Further inferences can be drawn from the results of the present study. Regarding the TS score, it was found that either contralateral or omolateral, the higher the trunk tilt, the higher the KAM (Online Appendix B). Therefore, the maintenance of a Neutral trunk position indicates limited risk for external knee joint moment occurrence. Such a trend is partially in contrast with the previous literature [15], which identified only omolateral trunk tilt as a risk factor for ACL injury. A possible explanation of such a difference can be found in trunk rotation. The presence of trunk rotation limits the visibility of anatomical references on either frontal or lateral view and could “cover” the presence of contralateral trunk tilt. Not surprisingly, trunk and pelvis criteria showed the lowest inter-rater reliability, as also underlined in previous studies [11].

Moreover, although a very selected healthy sportive population was investigated, low scores were detected for most athletes (about 60%), with no differences between men and women. Dos’Santos et al. also identified that only 33% of athletes under investigation reached high scores (low KAM) in sidestep cut maneuver [11]. This aspect might lead the sports practitioners to consider inserting a routine assessment of athletes’ biomechanics to detect risky situations and potentially reduce the teams’ injury rate.

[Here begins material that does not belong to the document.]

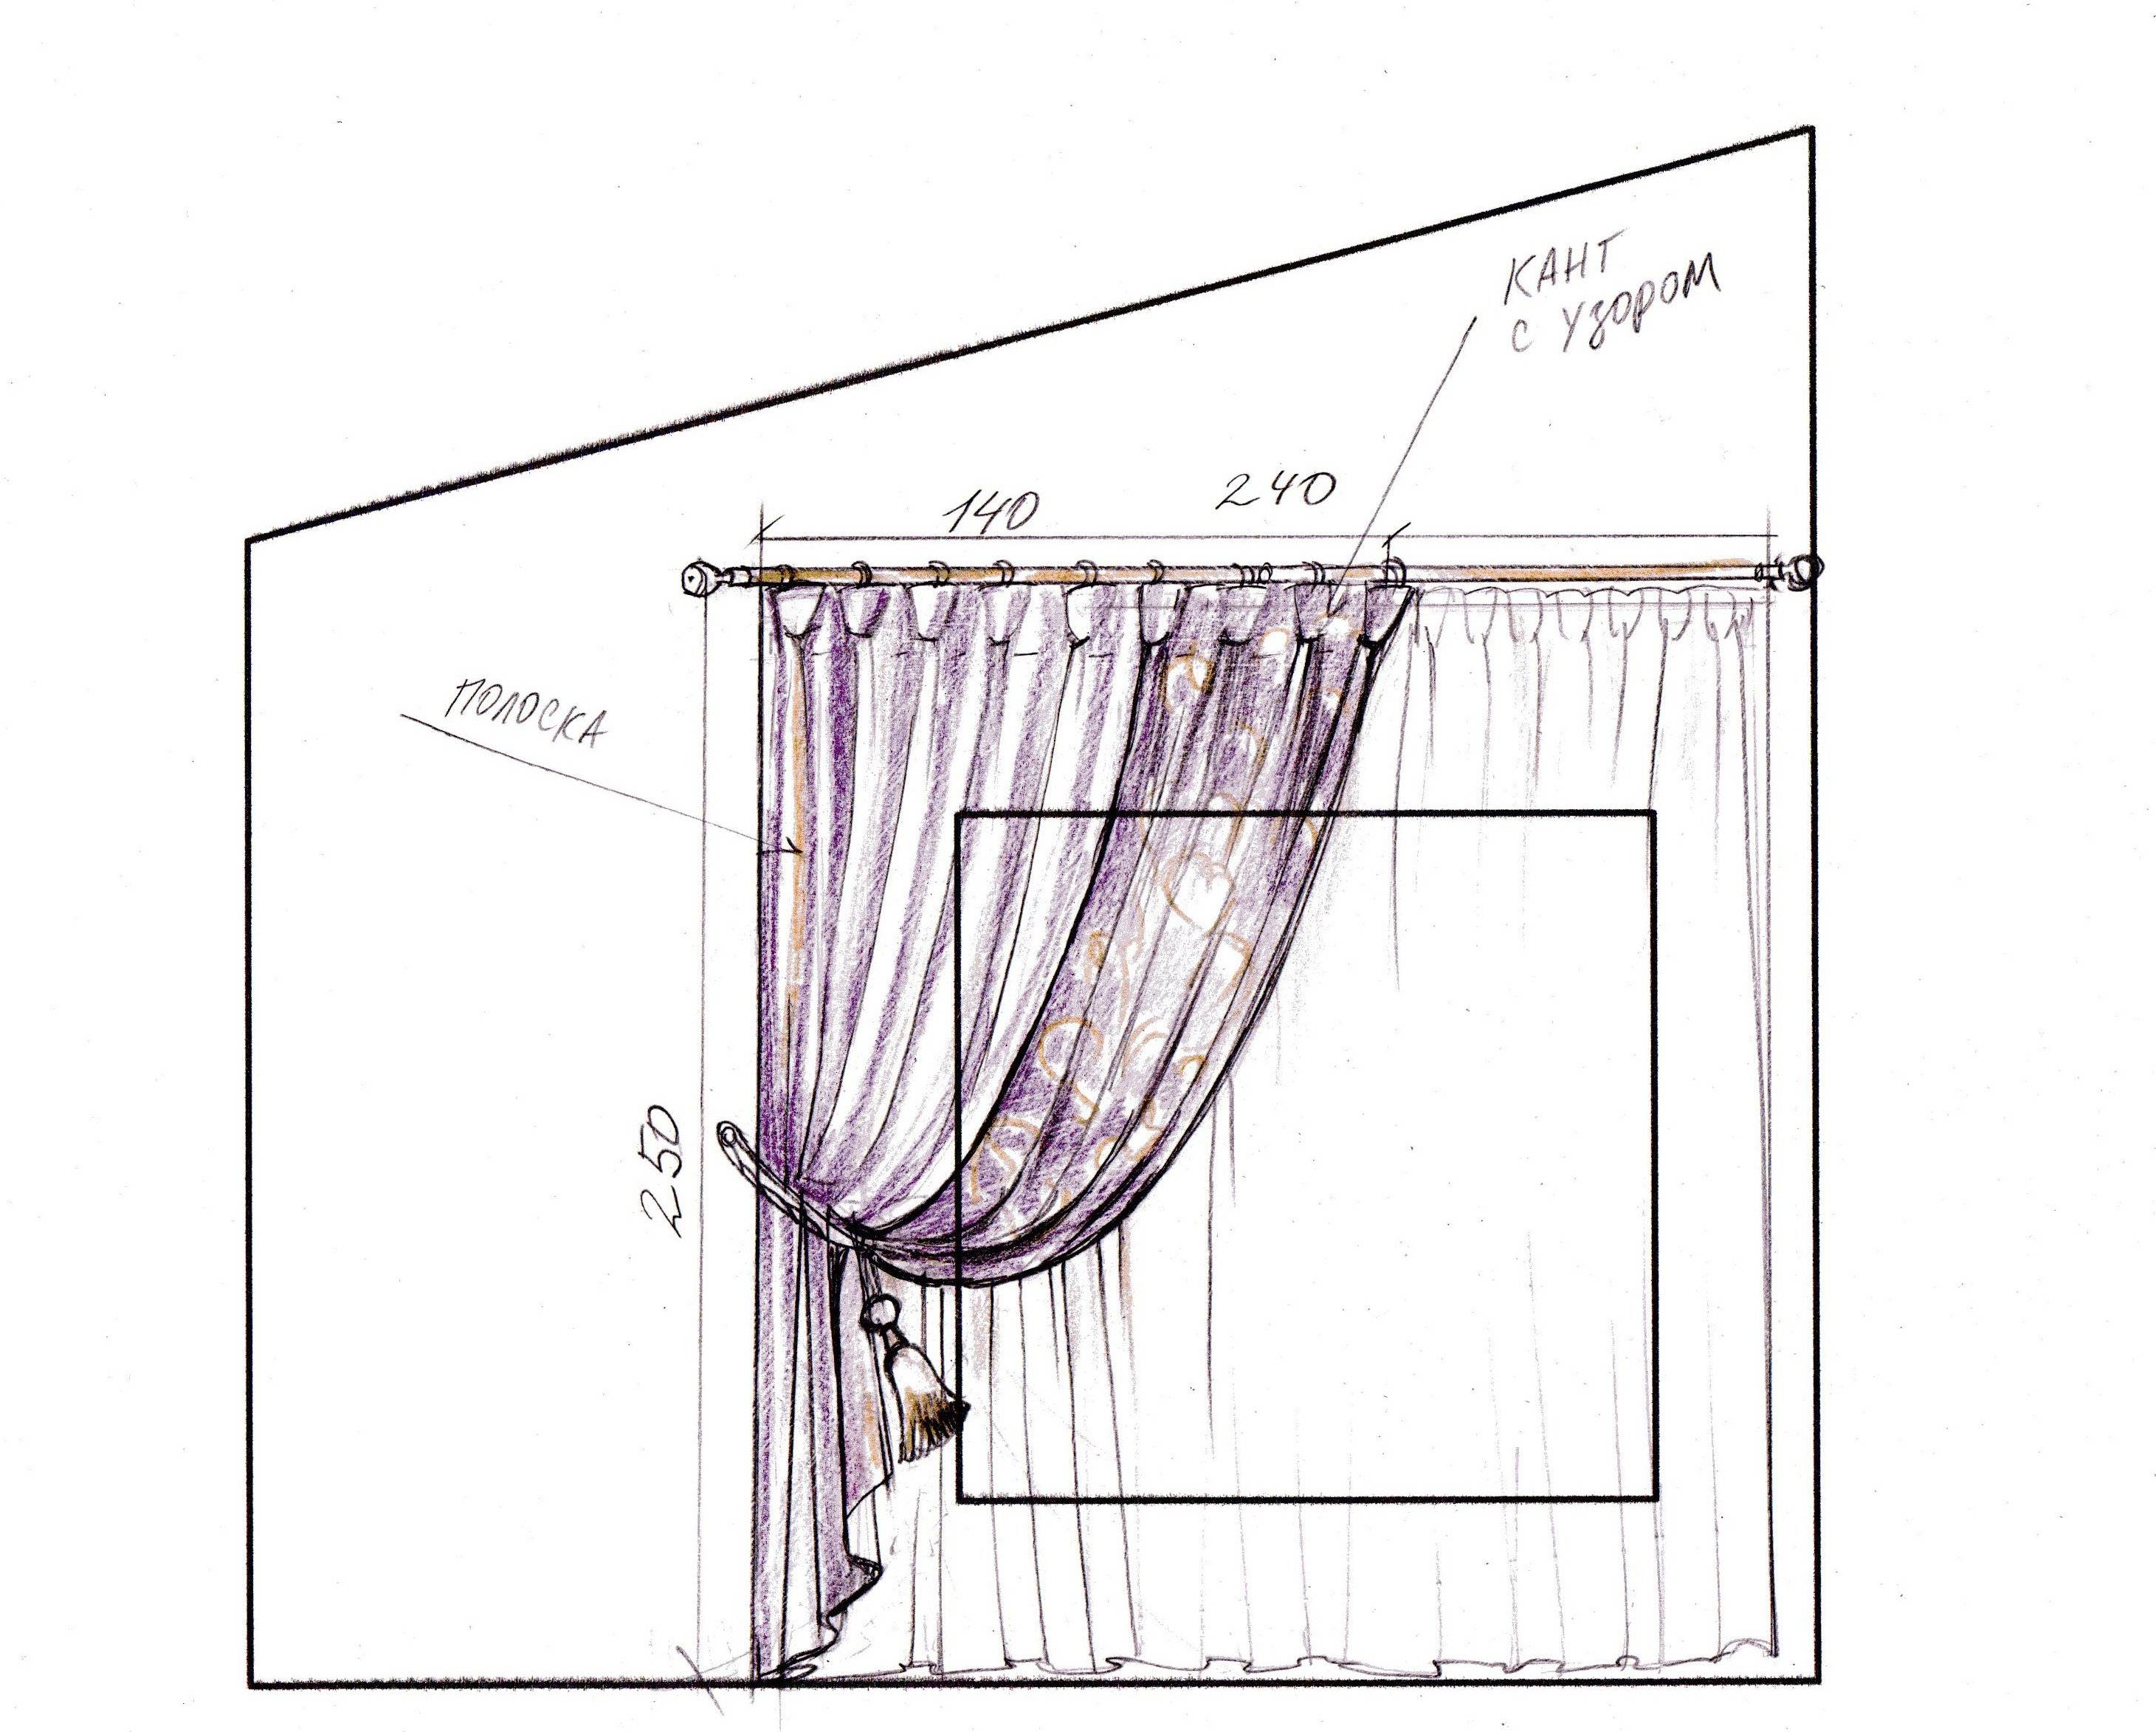 Тюль на окна: варианты оформления окон тюлем в разных помещениях (110 фото)

The present study has some limitations. First, no muscle activation data were collected. Such data could have provided further valuable information towards injury risk assessment and corroborated the 2D scoring tool. Second, the lowest inter-rater agreement was found for the TS score. This could be due to the difficult identification of the midline pelvis and the clavicular notch in the athletes adopting trunk pre-rotation towards the movement direction in the reference frame. Third, the data collection was performed in one single session. A repeated evaluation of athletes’ biomechanics after a preventative training program could have highlighted interesting differences in the 3D evaluation as well as the sensibility of the 2D video-analysis. Lastly, the task evaluated in the present study was an anticipated change of direction. Further studies could be focused on the assessment of an unanticipated change of direction, both in terms of 3D and 2D evaluations.

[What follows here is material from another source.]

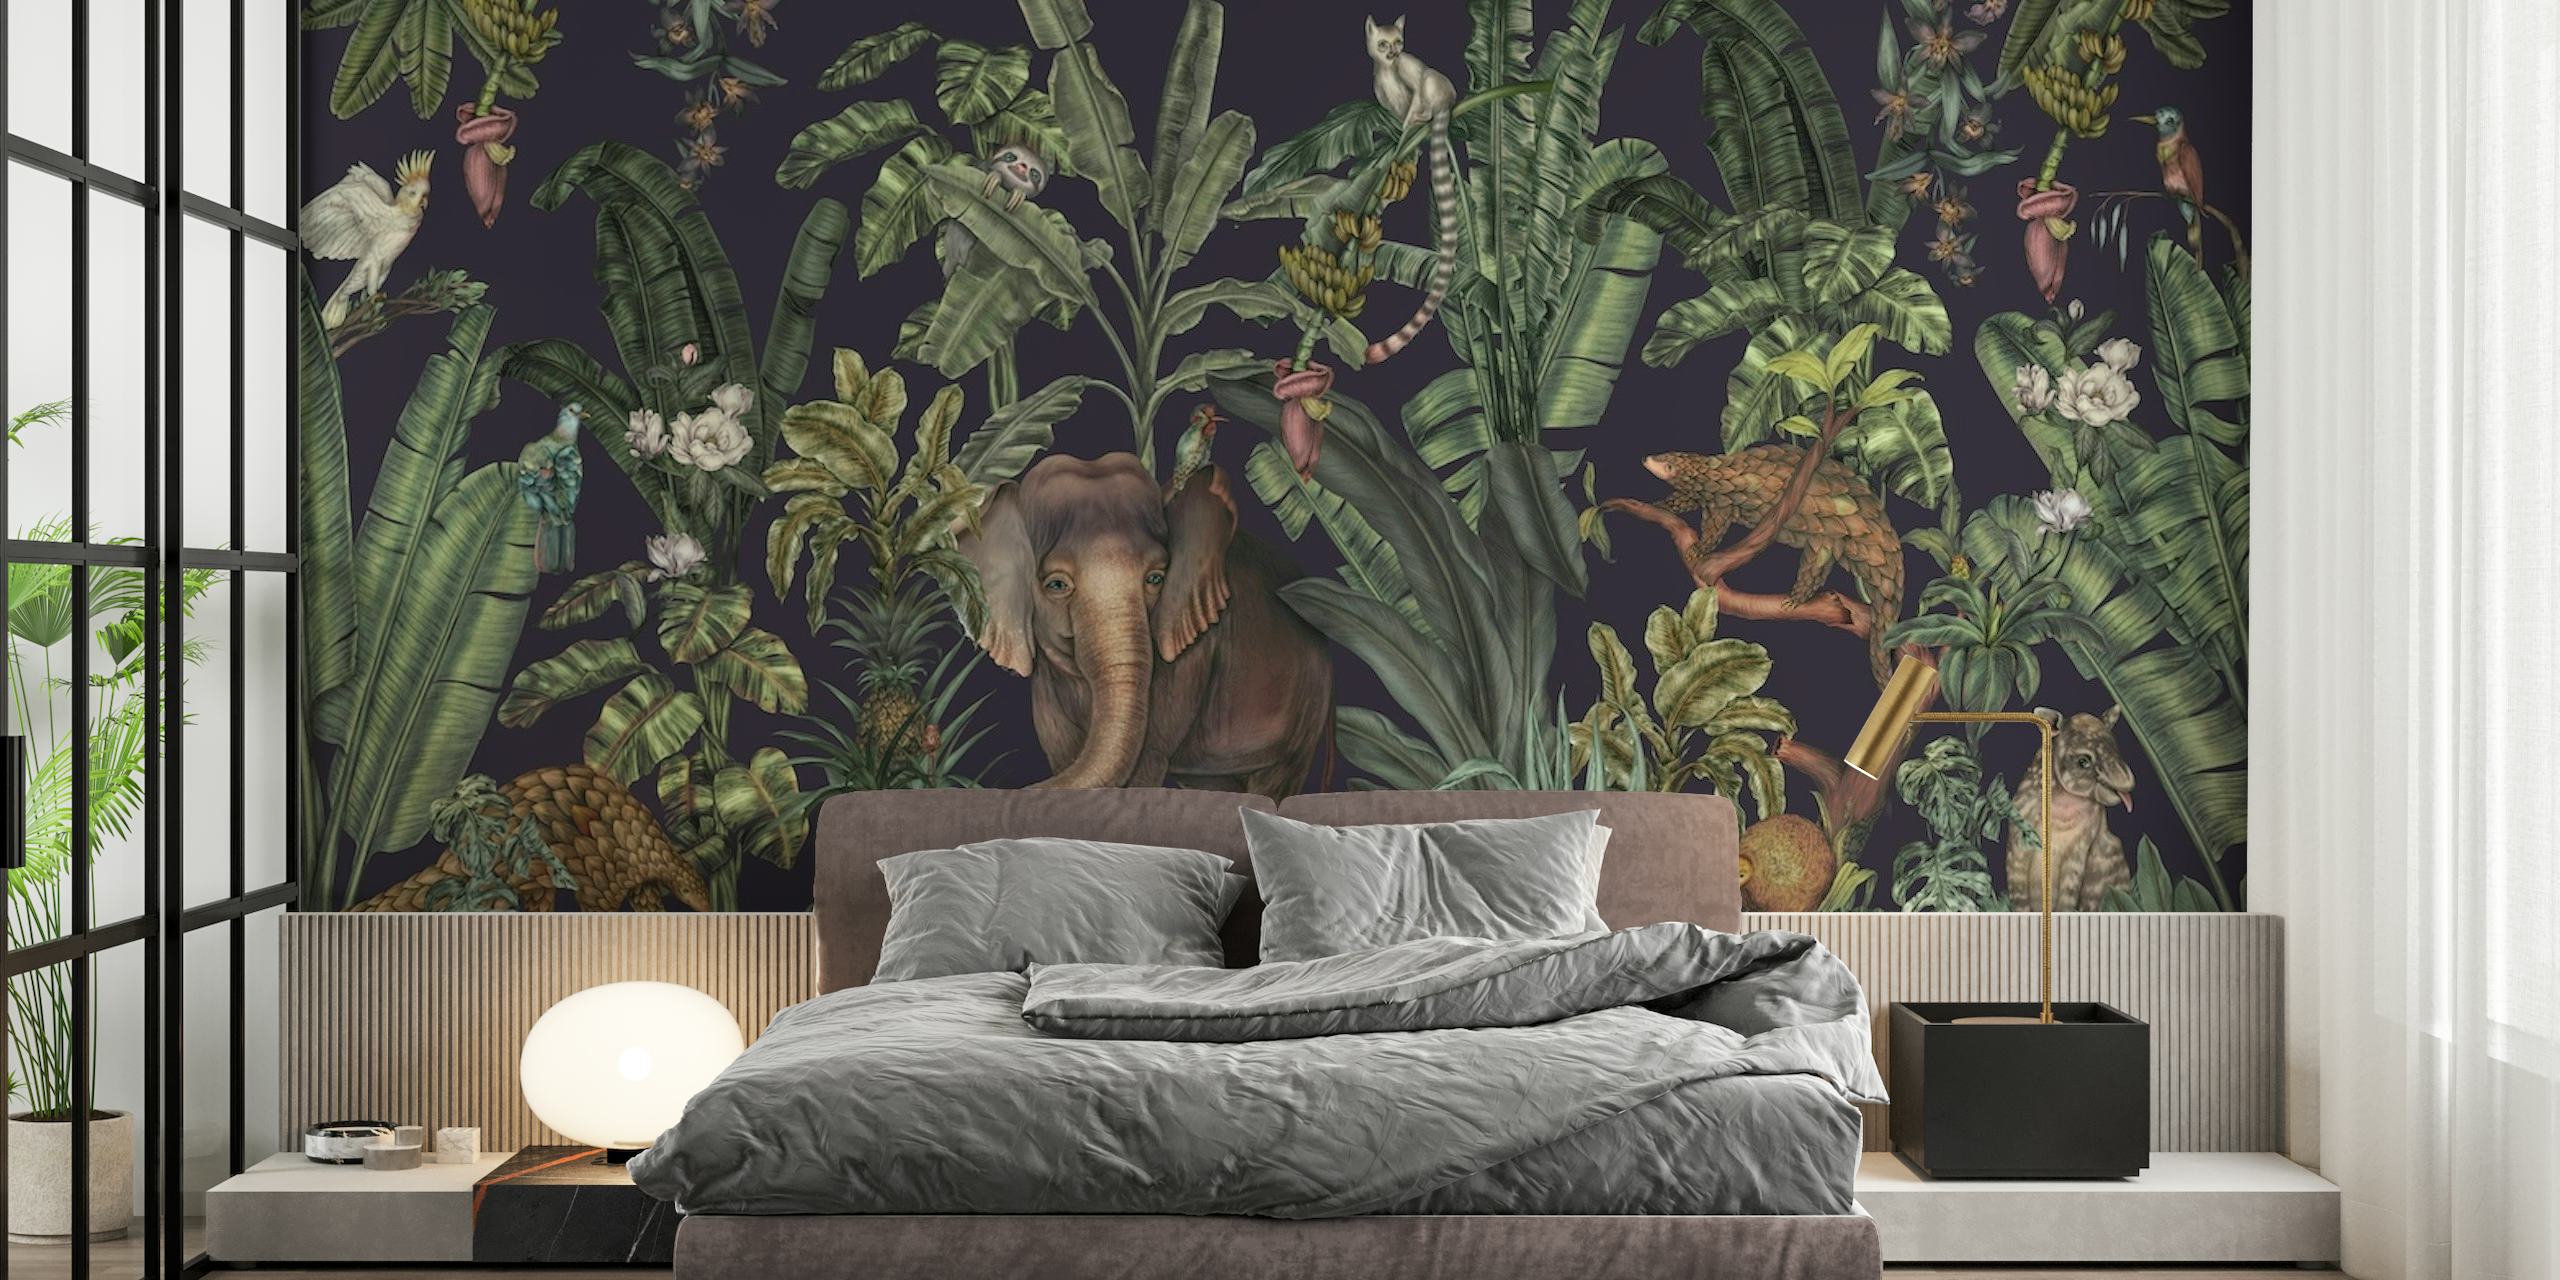 Trooppinen viidakon seinämaalaus, jossa on tiheää vehreyttä ja piilotettuja villieläimiä

The clinical relevance of the present work is that the implementation of the proposed 2D scoring system can help identify (uninjured) football players displaying excessive knee external loads during planned high-risk movements for ACL injury. Once a pre-participation screening is done, athletes with higher KAM (higher dynamic knee valgus loading) may benefit from additional preventative NMT. It is demonstrated that the athletes with poor biomechanics and a risky profile benefit more from targeted NMT [13, 27]. Moreover, once validated, there is room for further studying this kind of evaluation in secondary prevention following ACLR before RTP.

Conclusion

The 2D video-analysis scoring system described in the present study was an effective tool to discriminate athletes with high and low KAM in the assessment of a 90° COD. Such a system could be a quick and cost-effective method to identify athletes at high risk of non-contact ACL injury and support orthopedic surgeons and sports physicians in RTS decision making.